For instance, clean water and good hygiene is considered to be the most simple and basic requirement needed to combat the spread of the new virus, and yet, many communities even before the pandemic lacked access to running water or facilities for hand washing.

What the COVID-19 pandemic has done is exacerbate these problems; it revealed the urgency for a community-led approach that places greater reliance on bottom-up civil society groups to ensure more efficient responses.

Egyptian Red Crescent’s Story

Most recently, Egypt has seen a great example of supporting civil society represented by the Egyptian Red Crescent’s (ERC) through bringing all different stakeholders together, including the U.S. Agency for International Development (USAID), the Ministry of International Cooperation, the Ministry of Social Solidarity, and ride hailing company Uber.

Launched through a virtual event, the initiative aims to support the Egyptian Red Crescent’s (ERC) network of 30,000 Egyptian youth volunteers and health care professionals to conduct community outreach and contain the spread of COVID-19, on top of building ERC’s capacity to respond to future crises.

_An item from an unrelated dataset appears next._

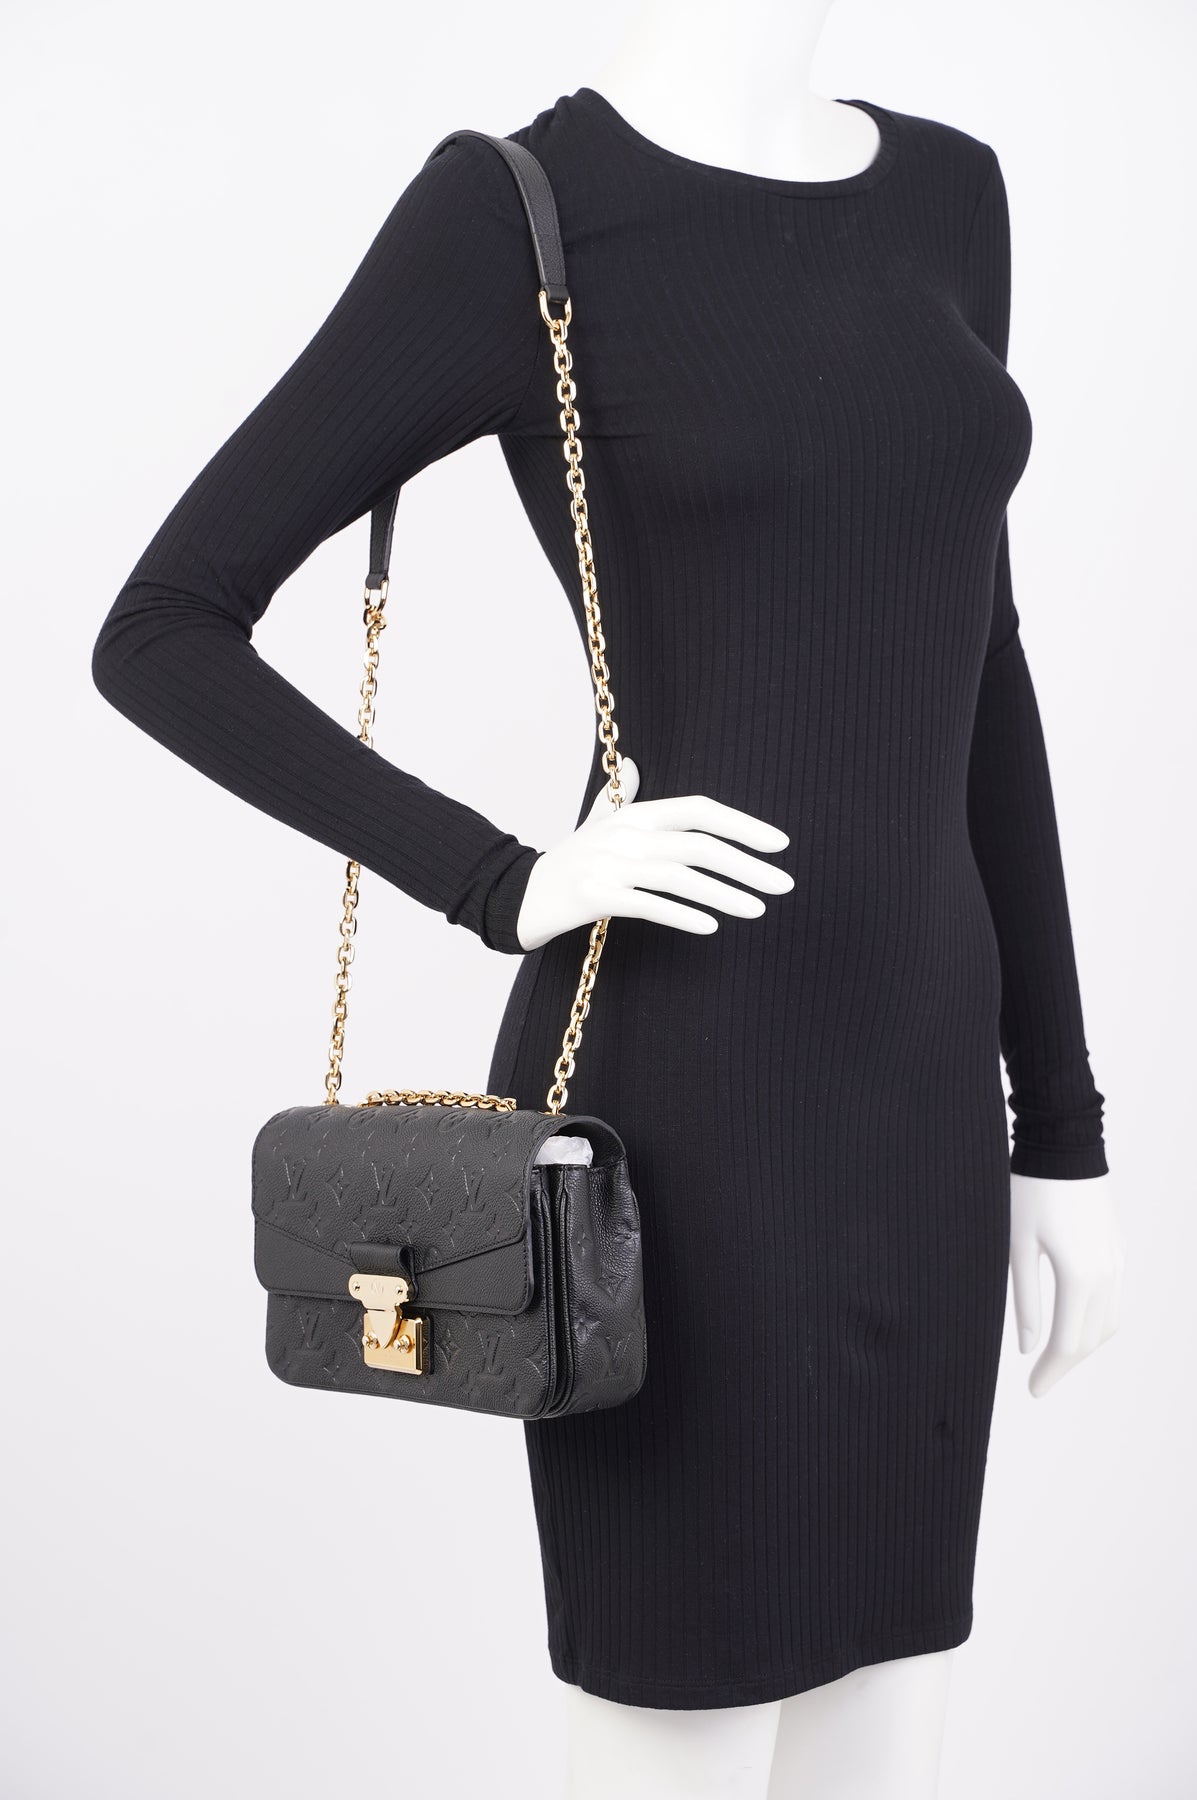 Louis Vuitton Marceau Handbag Monogram Empreinte Leather
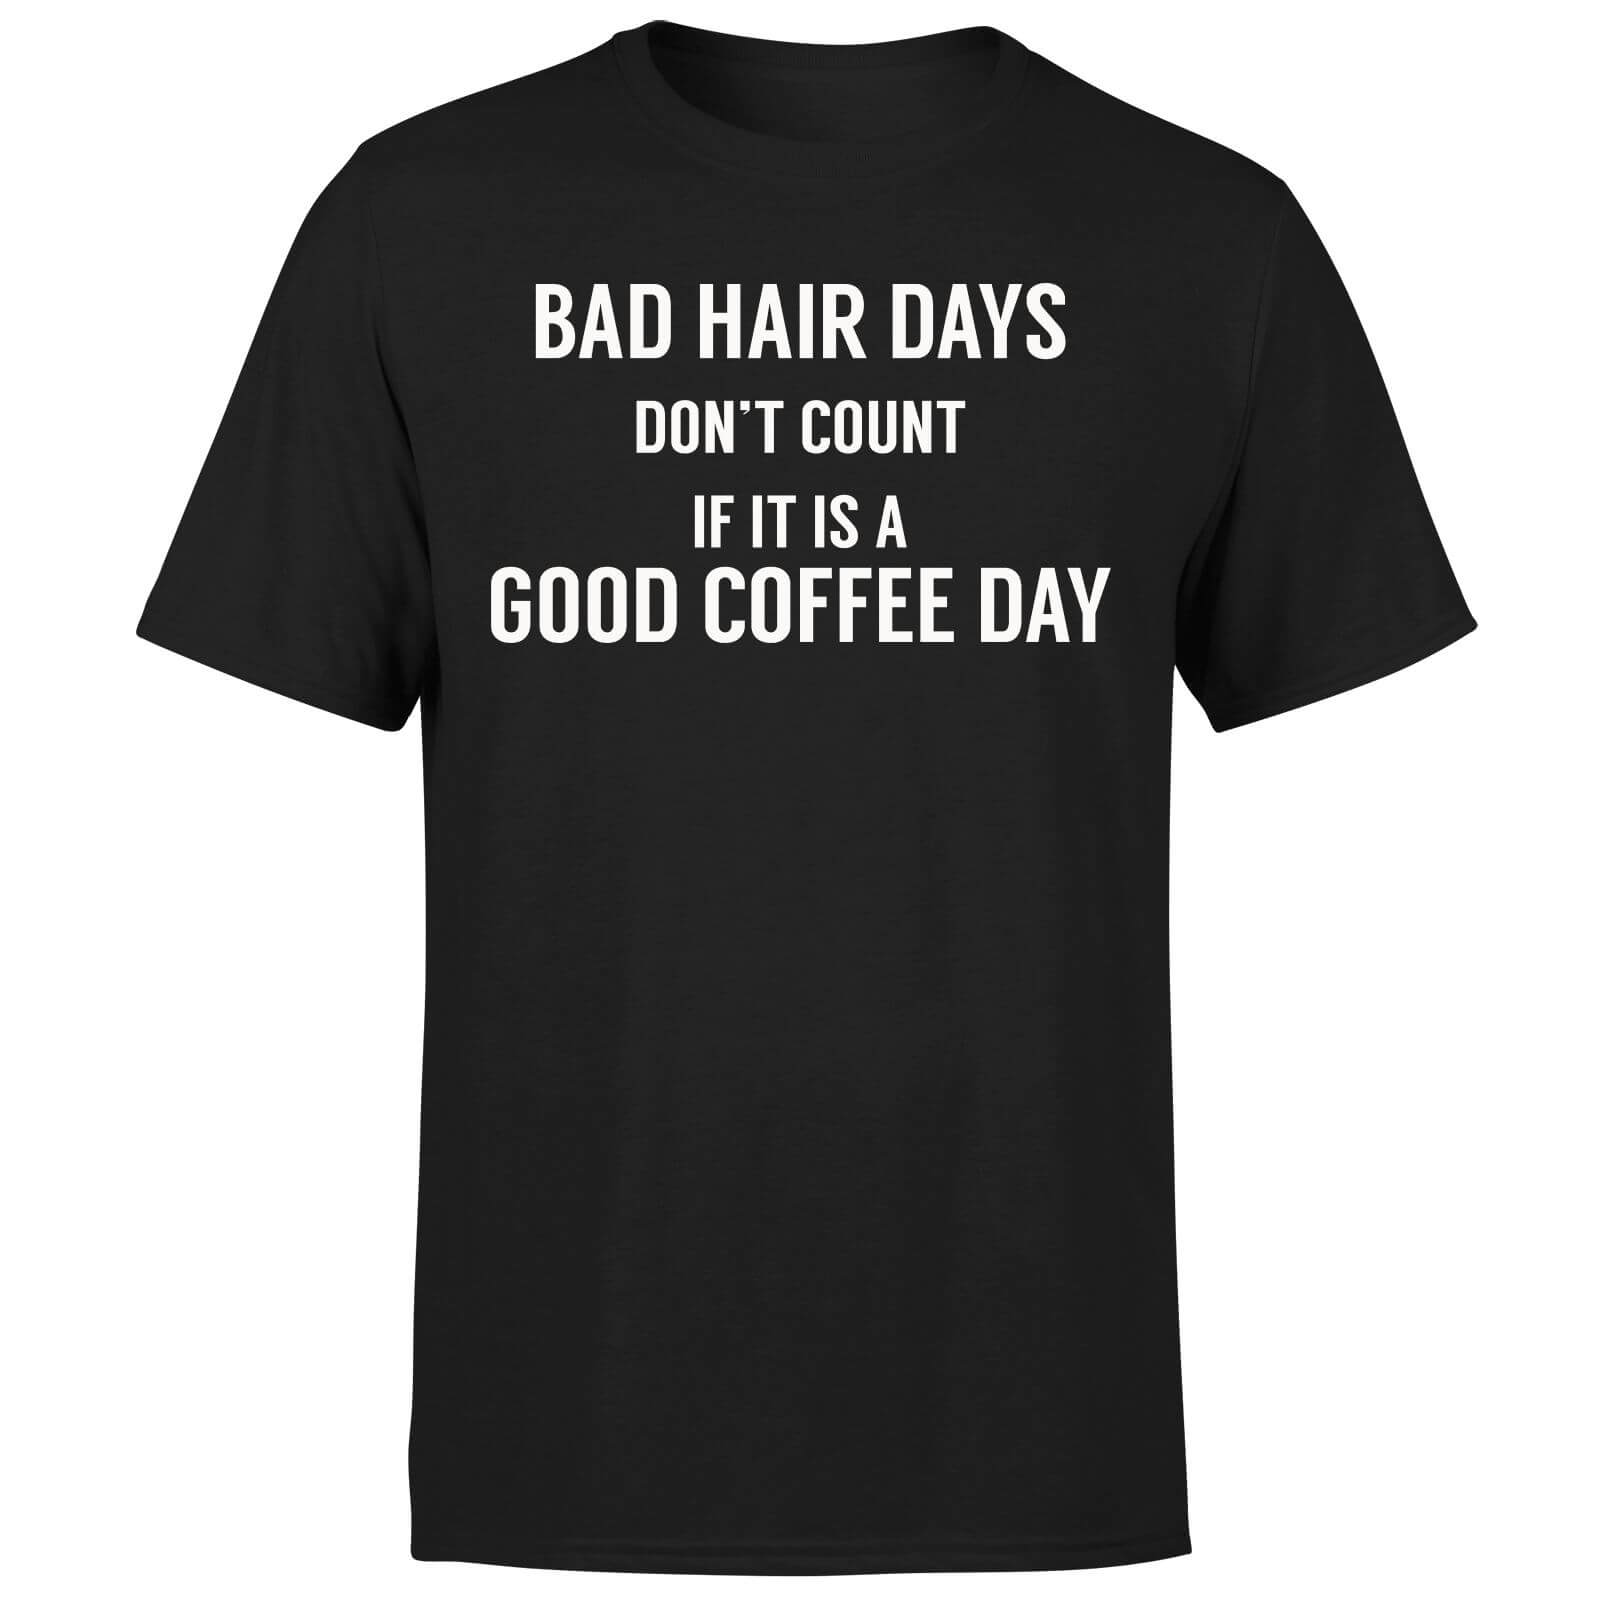 Bad Hair Days Don't Count T-Shirt - Black - S - Black

In cooperation with the Egyptian government, the United States Agency for International Development (USAID) has contributed EGP 51m to the Egyptian Red Crescent (ERC). It will support the distribution of hygiene kits to vulnerable and rural communities, provide initial fever screenings and referral services to hospitals, as well as providing psycho-social support services to healthcare workers.

“Right now, the world is facing an unprecedented crisis that requires collaboration of all actors,” Dr. Adel Al-Adawi, former Minister of Health and member of the Egyptian Red Crescent Board member noted during the virtual launch. “This kind of support reflects the trust the USAID organization and the Egyptian government has in the work of civil society.”

“This pandemic has shown that society needs to be more connected, and we hope that after this pandemic, we will feel the hardships of others and offer more support,” he added.

In the first week of May, over 6000 volunteers were trained to deal with COVID-19, 270 campaigns were carried out to spread awareness that reached 54000 beneficiaries, and over 200 establishments benefiting from disinfection and sterilization services, targeting the most vulnerable ones such as orphanages.

Over 300 referral services to hospitals through phone were also carried out, allowing the public to report COVID-19 cases and refer them to their designated places.

For the ‘Volunteers in Every Street Campaign’, over 2000 youth volunteers consisting of both females and males were mobilized to carry out widespread disinfection and sterilization services, as well as distributing food parcels and necessary hygiene kits.

“We bring together all key stakeholders, including civil society and the private sector to work on addressing market needs that, in turn, helps contribute to Egypt’s social development and economic growth,” Minister of International Cooperation Dr. Rania Al Mashat noted.

Through its New Global Partnerships Framework,the Ministry of International Cooperation aims to ensure that COVID-19 does not prevent Egypt from achieving the Sustainable Development Goal agenda, focusing on reducing inequalities and ensuring good health and wellbeing as well as decent work and economic growth. This is reflected through the ‘PPP’ strategy, which focuses on three pillars: ‘People at the Core’, ‘Projects in Action’ and ‘Purpose as the Driver’ to highlight the development cooperation to achieve SDGs.